Informal communication also happens whenever needed, says Wang, outside pipeline council conversations. “We just regularly check in with each other on an individual level too,” says Wang, “depending on the situation” and what needs to happen.

Facilitating alignment with Sales Engineers

Mary Carter, Team Lead Manager at GoCardless (they specialize in recurring payments, called ACH in the US), agrees with Wang that “It's very important for [sales and marketing] to be talking to each other." GoCardless leverages a role called “Sales Engineer” to facilitate alignment and revenue growth. 

"I really think of a [sales engineer] as being the trusted advisor for customers,” says Carter (listen to full episode).

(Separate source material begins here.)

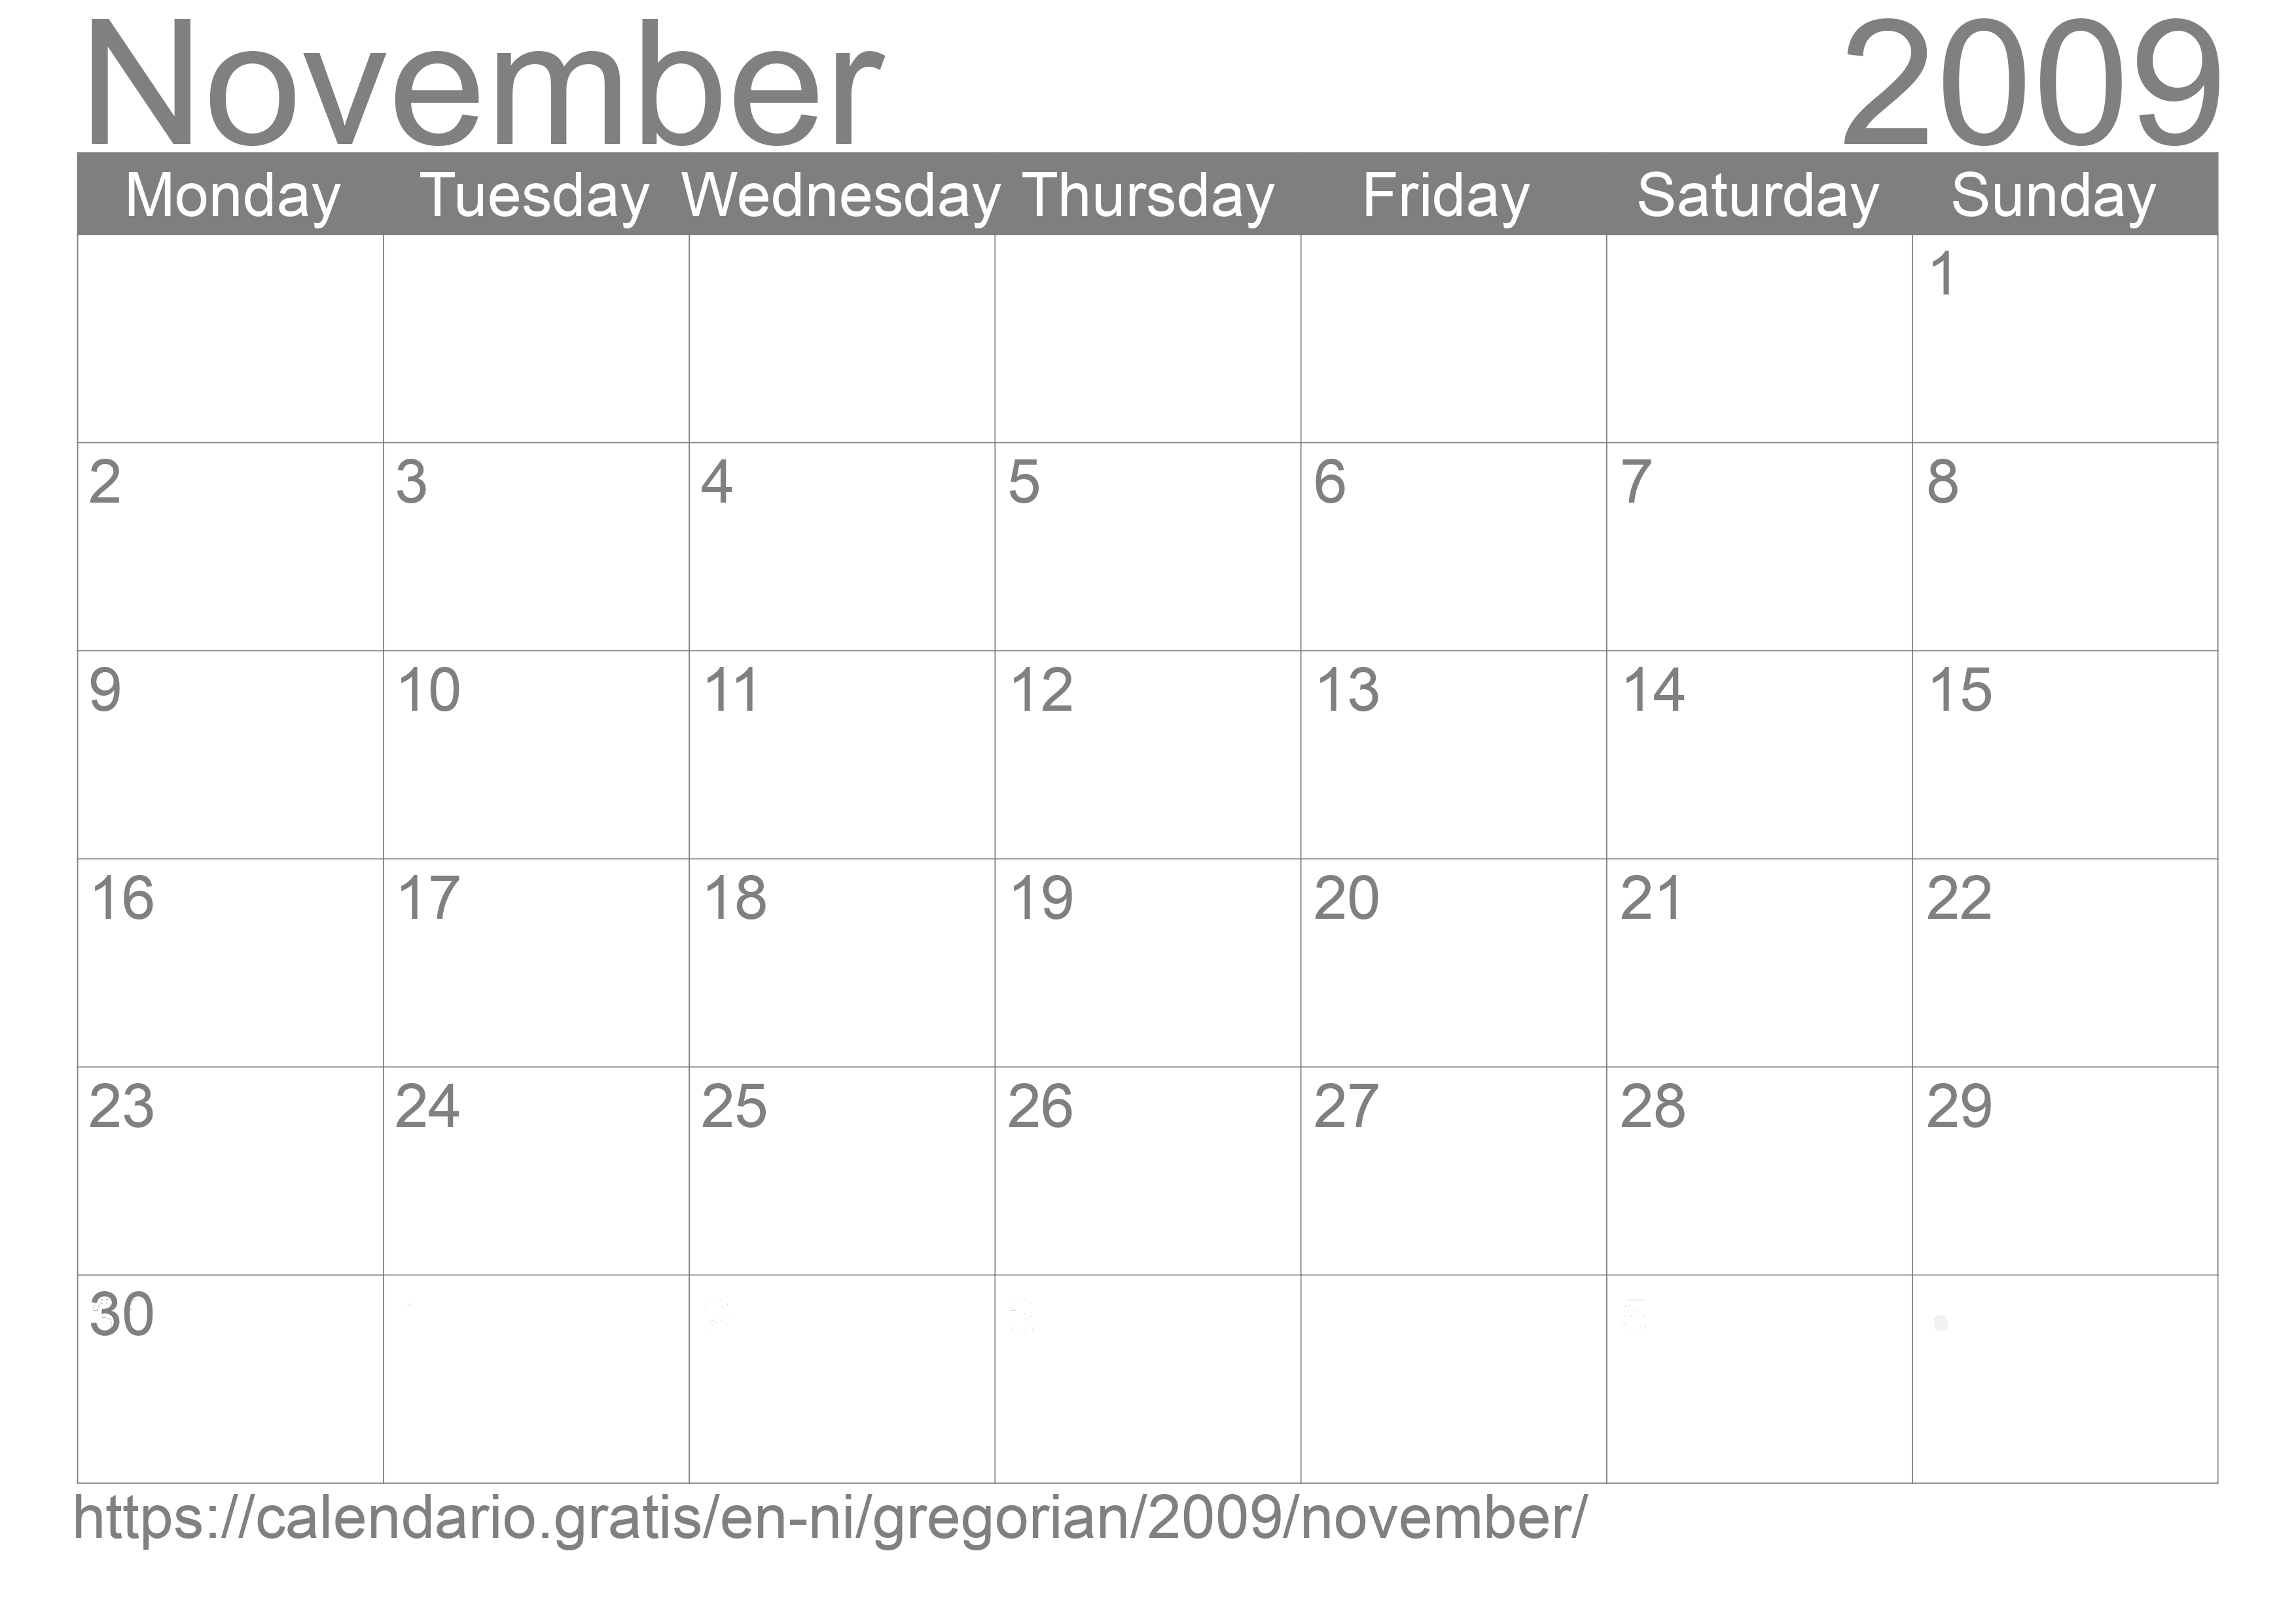 Calendar November 2009 to print

A sales engineer is “not just the traditional salesperson that's trying to close the deal, but someone to provide honest, real feedback in terms of, will this software work for me [the customer]?"

The sales engineer adds value at every stage of the funnel, working as an informal customer advocate and an internal advisor to both marketing and sales pros as they seek to develop and sell offerings that address customer needs. As Carter explains it, both marketing and sales teams “can leverage [sales engineers] for product roadmap discussions, for a deep dive into the API or integrations, for support queries: How do I get access? And of course, for the why – why did we build this feature? Why are we selling to you today?"

The key takeaways from Wang and Carter are clear: driving alignment requires (1) common pipeline metrics (i.e., shared measures of success), (2) continuous communication at the formal and informal levels, and (3) “alignment facilitators” such as sales engineers. Achieving closer alignment enables organizations to provide better, full-funnel experiences to customers while simultaneously driving increased revenues and growth for the business.